Em segundo lugar, existe a história de Nova Iorque. Se na primeira história (a do triângulo de personagens) parece existir uma inexplicável distância emocional de Marty face às suas personagens (como a distância de um visionário cujos ideais de perfeccionismo toldaram-lhe a sua inquietação emocional e a capacidade de mergulhar nas vertigens mais íntimas de cada personagem), já quando conta a história da sua mítica Nova Iorque, essa entrega emocional parece mais evidente e, porventura, a mais interessante. No entanto, a dimensão primária do filme (aquela de onde todas as outras deveriam nascer), lamento imenso, mas desilude-me.

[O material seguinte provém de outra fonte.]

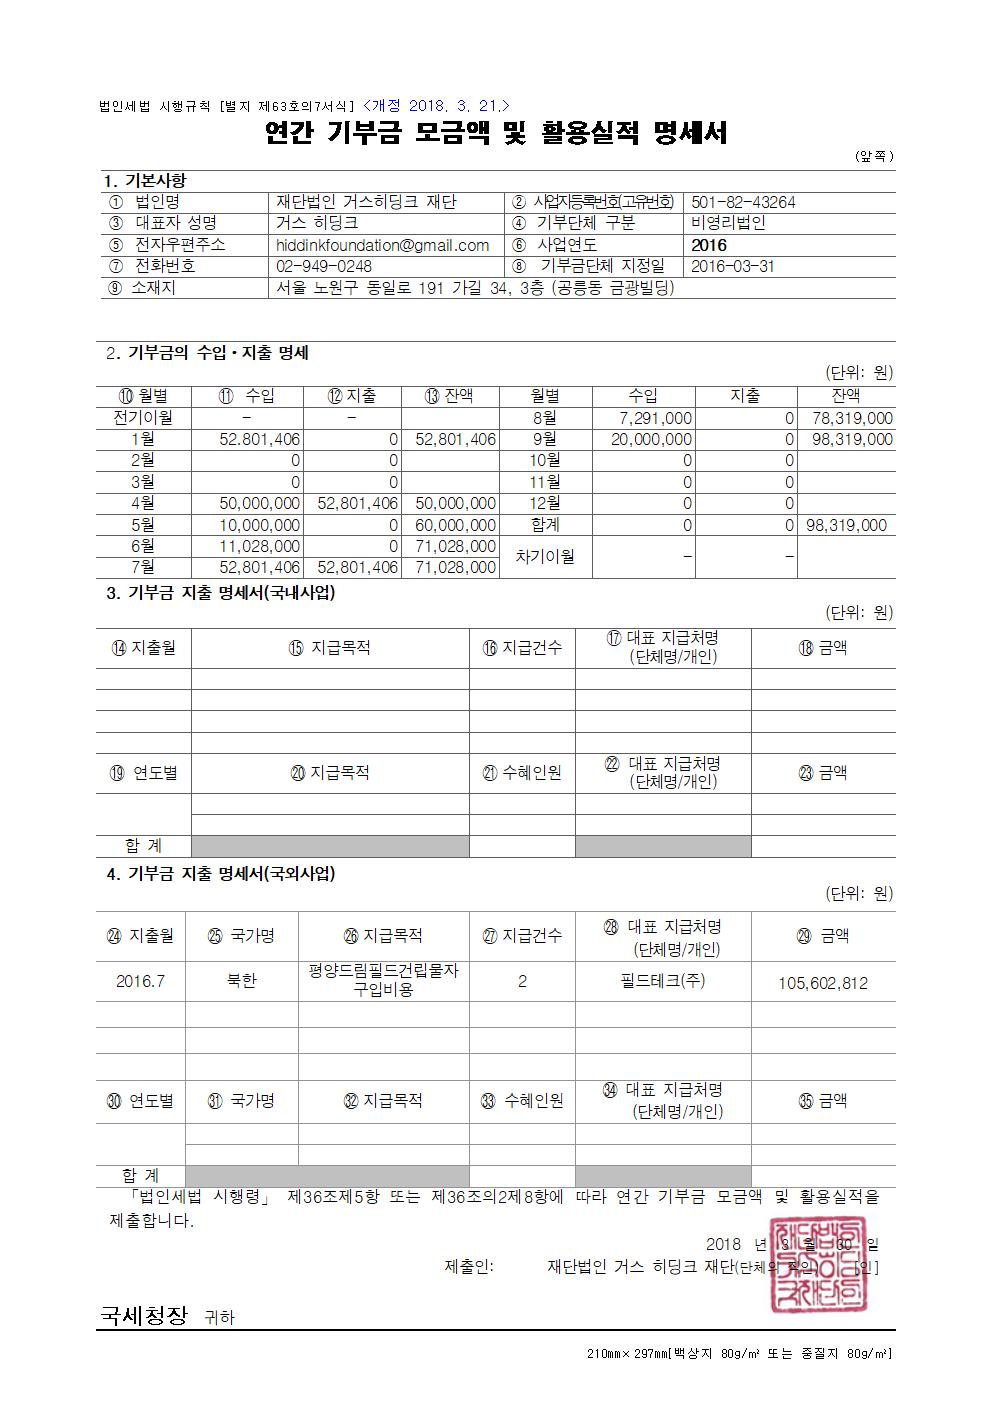 연간기부금 모금액 및 활용실적 명세서 2016(수정본)001.png

É quase aflitivo ver um cineasta tão impulsivo e passional como Scorsese, castrado pela sua própria obsessão perfeccionista. Onde estão os paradoxos vertiginosos de Travis Bickle em «Taxi Driver»? E a irredutibilidade do amor que vive nas entranhas de «Casino» (uma segundo para comparar Sharon Stone a Cameron Diaz chega para reflectirmos as diferenças...)? Seja como for, «Gangs of New York» é, de facto, um filme imponente, onde as vertigens das suas personagens acabam por ser transcendidas pelo espectáculo visceral e selvagem que explode nas ruas de Nova Iorque (à imagem dos dias que correm).